Gister Druk in de weer geweest om een "theater" te creeren in een museum bij ons in de stad. Naar mijn mening is het het goed gelukt! hieronder een paar foto's van het gebeuren (ik had er 30 ofzo maar daar zijn er zeker 20 van bewogen :S moet nog ff oefenen):


het begint al ergens op te lijken


even patchen


beter overzicht, nu alleen de doeken er nog in.



ikzelf in actie (safety's aanbrengen?)


en zo zag het er dan uit na een dagje druk doen


de coulisen.

Ik vond het voor 3 jongens van 16/17 jaar aardig netjes opgezet. volgende week doen we dit nog een keer maar dan op andere locatie, ik zal die foto's hierachter zetten.

app lijstje licht:
zero 88 tafeltje (uit het jaar...0)
2*zero88 dimmer
8*fresnel 0,5 kw
2*profielspot 0,650 kw
4*pc 0,3 kw
15 meter truss
4*lierstatief
2*verloopje 32A --&gt;16A 230 :Smile: 
en een hele hoop doek


geluid:

LEM setje (2 topjes +bas)
LEM mixer
1*cdspeler
1*monitorsetje

Behalve de stroom was alles prima voor elkaar daarzo.

geeft uw mening, tips, opmerkingen. kunnen we ze misschien volgende week in uitvoering brengen

----------


## ralph

Flinke gedaantewisselingt van het pand ja  :Smile: 

Kwam je front niet te stijl in, oftewel: miste je geen echt frontlicht?

Over die manier van stroomverdelen: je hebt daar ook nette oplossingen voor... :Wink:

----------


## erik_gj

het front kwam idd wel stijl in ja... was alles behalve ideaal, maar met redelijk grote bundels was het prima.

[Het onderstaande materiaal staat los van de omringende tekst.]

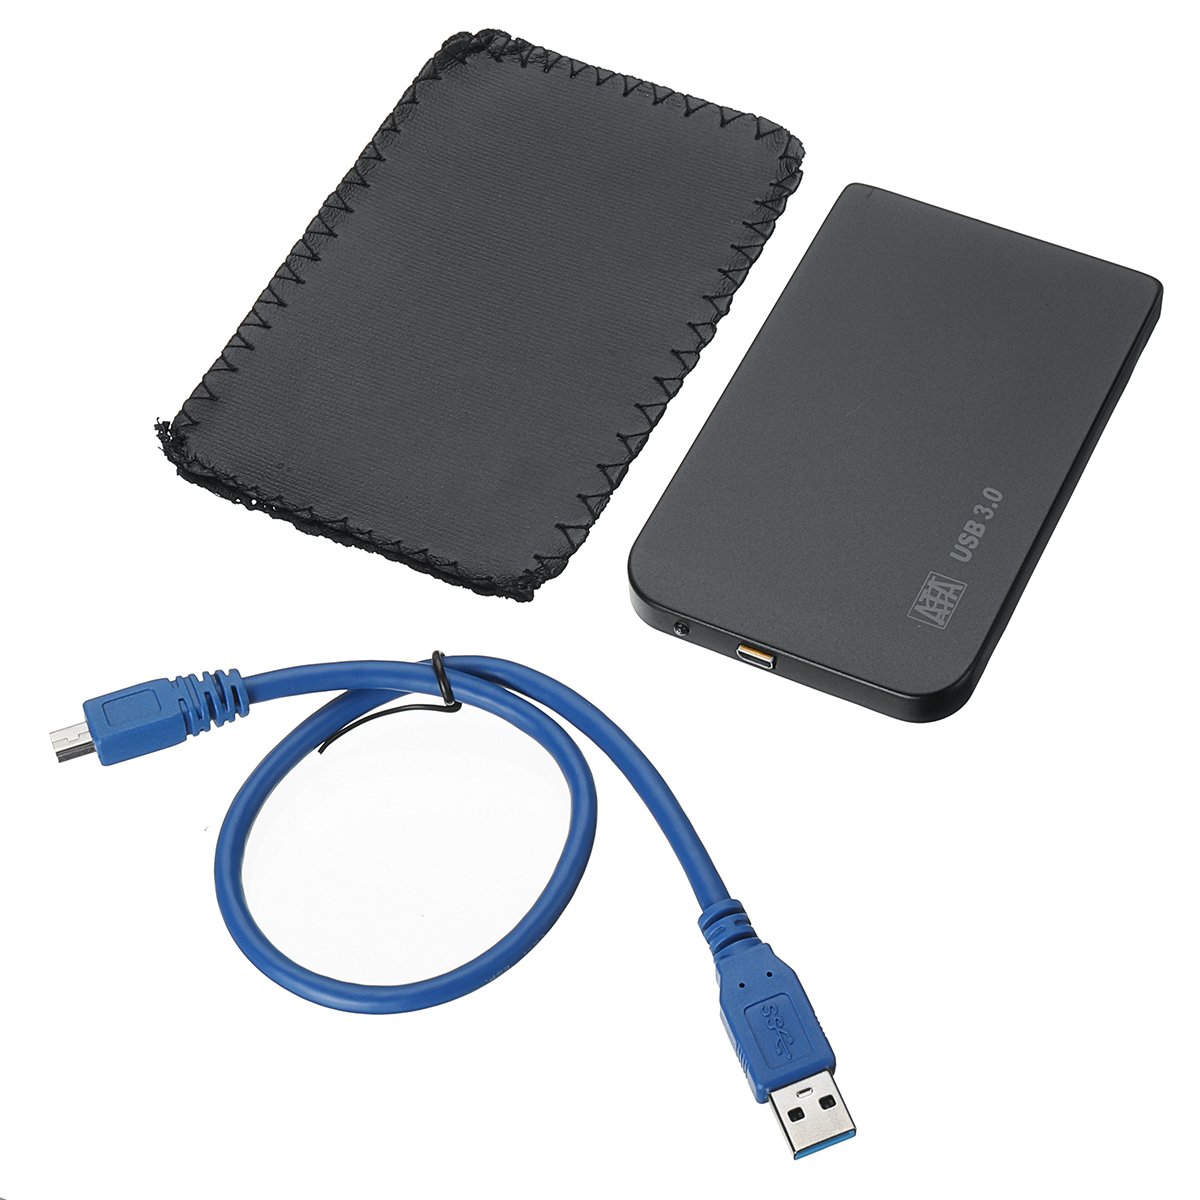 USB 3.0 SATA 2.5inch External HDD SSD Hard Drive Enclosure with Storage Bag 1
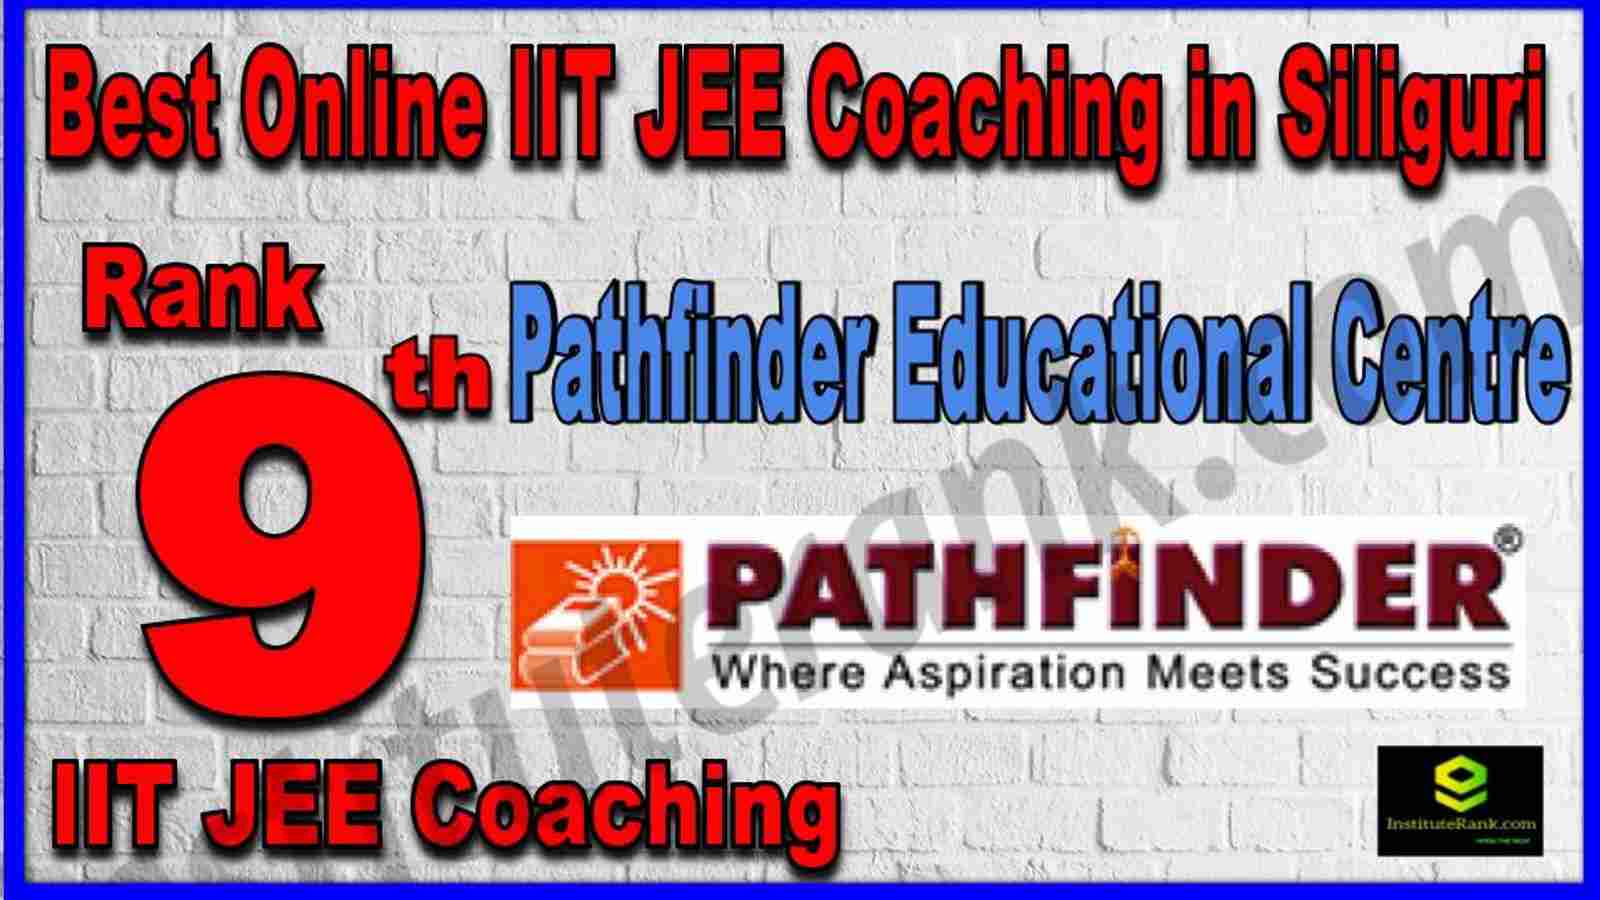 Rank 9th Best Online IIT-JEE Coaching in Siliguri

En welke manier van stroomverdelen raad je dan aan?

----------


## Dave

Lijkt op spul van Peter B  :Big Grin: 
Zet er verder net uit. Probeer de volgende keer de dimmers achter het doek neer te zetten, dan is het net wat strakker.
Oh, en als je de lichttafel te klein vindt, moet je eens vragen of je de frog mee mag [8D]

----------


## erik_gj

IS spul van Peter,die frog vond ik net wat overdreven voor die 10 lampjes. maar dit was wel weer heel klein, geen presets enzo. die dimmer buiten het zicht was idd mooier geweest, maar de stuurkabel was net niet lang genoeg.

----------